Acquiring Undertaking: Terminal Investment (Namibia) Pty Ltd Date Received: Monday, 18 Mar 2024
Target Undertaking: New Container Terminal, which is owned by NAMPORT Determination: Friday, 16 Aug 2024
Type of Merger: Vertical Analyst: -

Description of Activities

The Commission resolved to approve with conditions the acquisition by Terminal Investment (Namibia) Pty Ltd of the management, control, operation, and maintenance of the New Container Terminal from the Namibian Ports Authority (“NAMPORT”) for a period of 25 (Twenty-five) years. 
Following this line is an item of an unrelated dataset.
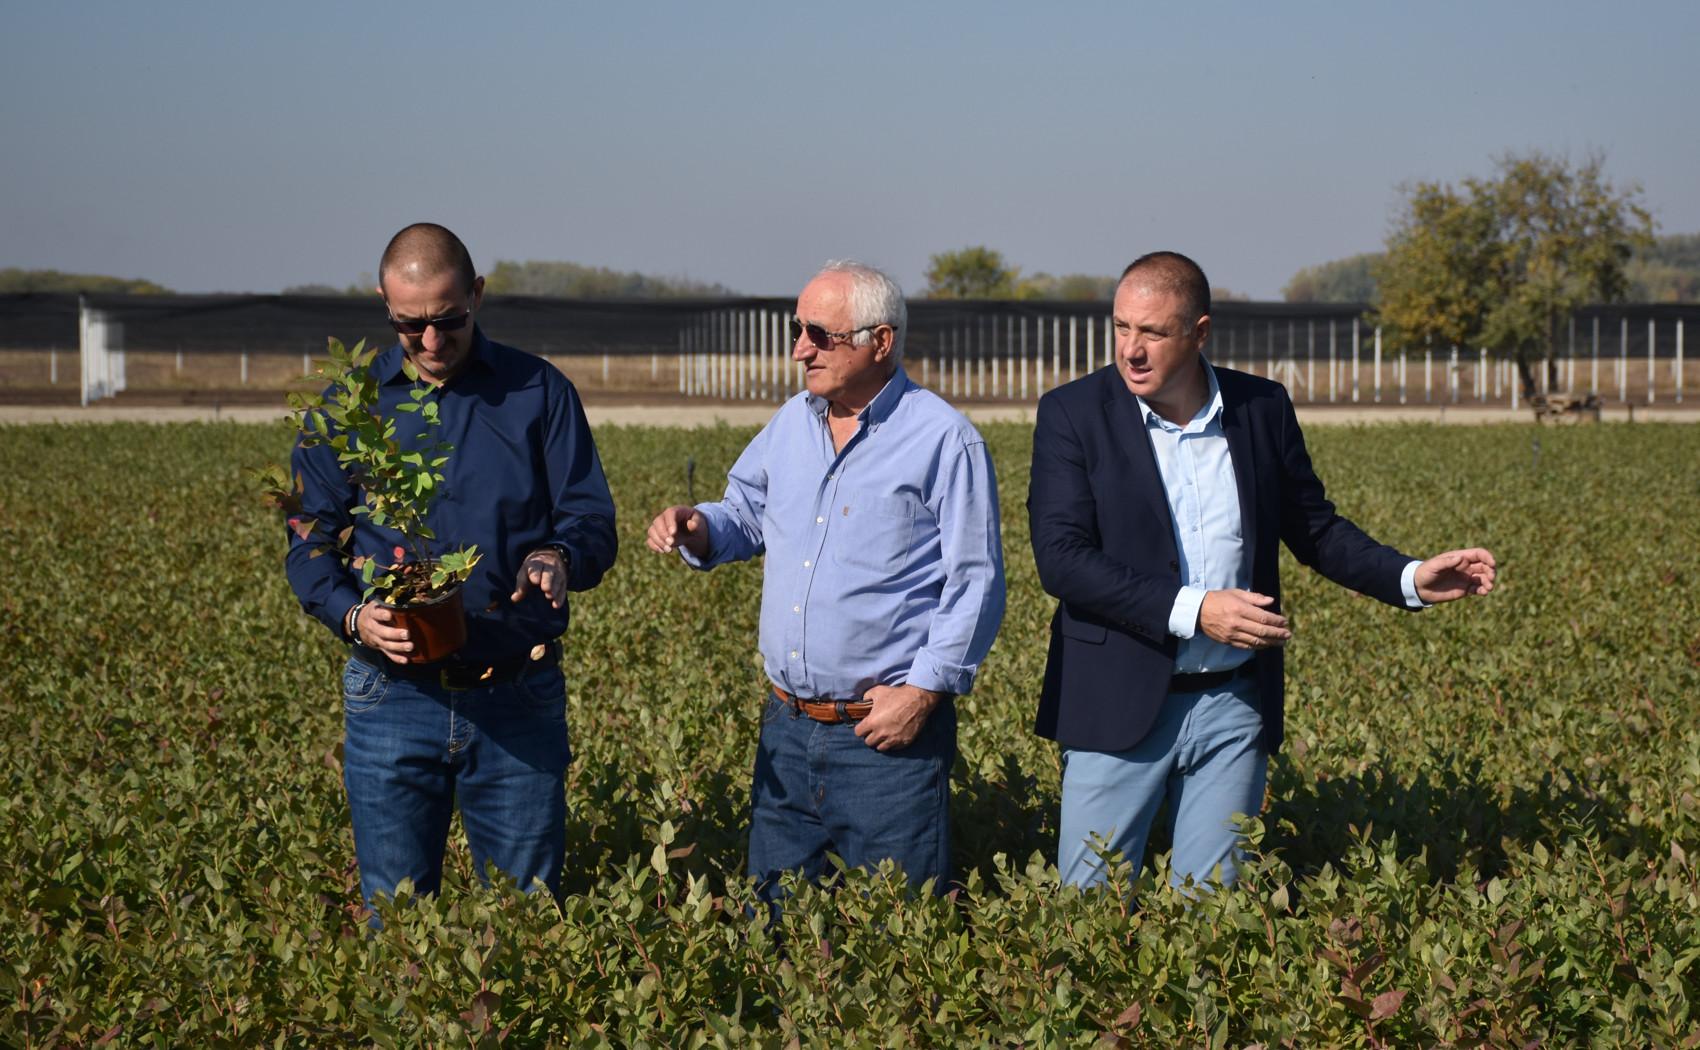 otac i dva sina i sadnice borovnica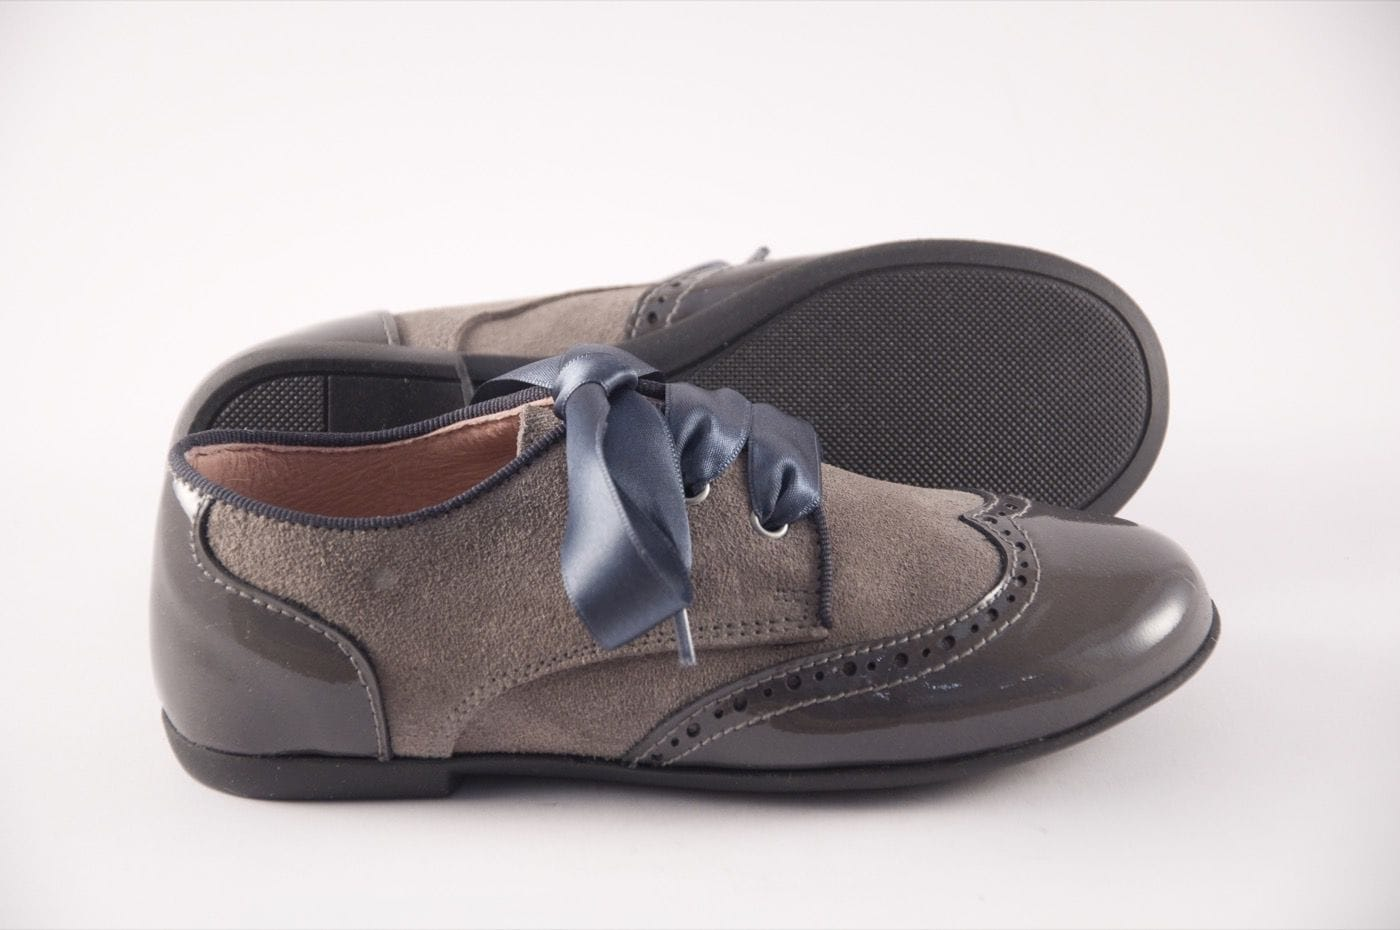 d5de566370b Blucher Zapato Color Charol Niña Tipo Estilo Gris Joven Comprar wzgdXUqX

The primary acquiring undertaking is Terminal Investment (Namibia) (Pty) Ltd a wholly owned subsidiary of Terminal Investment Sarl Limited, Terminal Investment Sarl is in turn indirectly controlled by MSC Mediterranean Shipping Company Holding SA (MSC Group). The Acquiring Group has a presence in Namibia through MSC which is engaged in the transport and logistics sector and in Namibia provides limited deep-sea container liner shipping services including dry and reefer cargo. Further, the acquiring group is present in Namibia through Africa Global logistics (formally Bolloré Africa Logistics), which provides freight forwarding services, specifically air and sea freight forwarding and contract logistics as well as customs clearance operations. Lastly, the acquiring group is active in Namibia via Mediclinic, which operates three hospitals located in Windhoek, Swakopmund, and Otjiwarongo.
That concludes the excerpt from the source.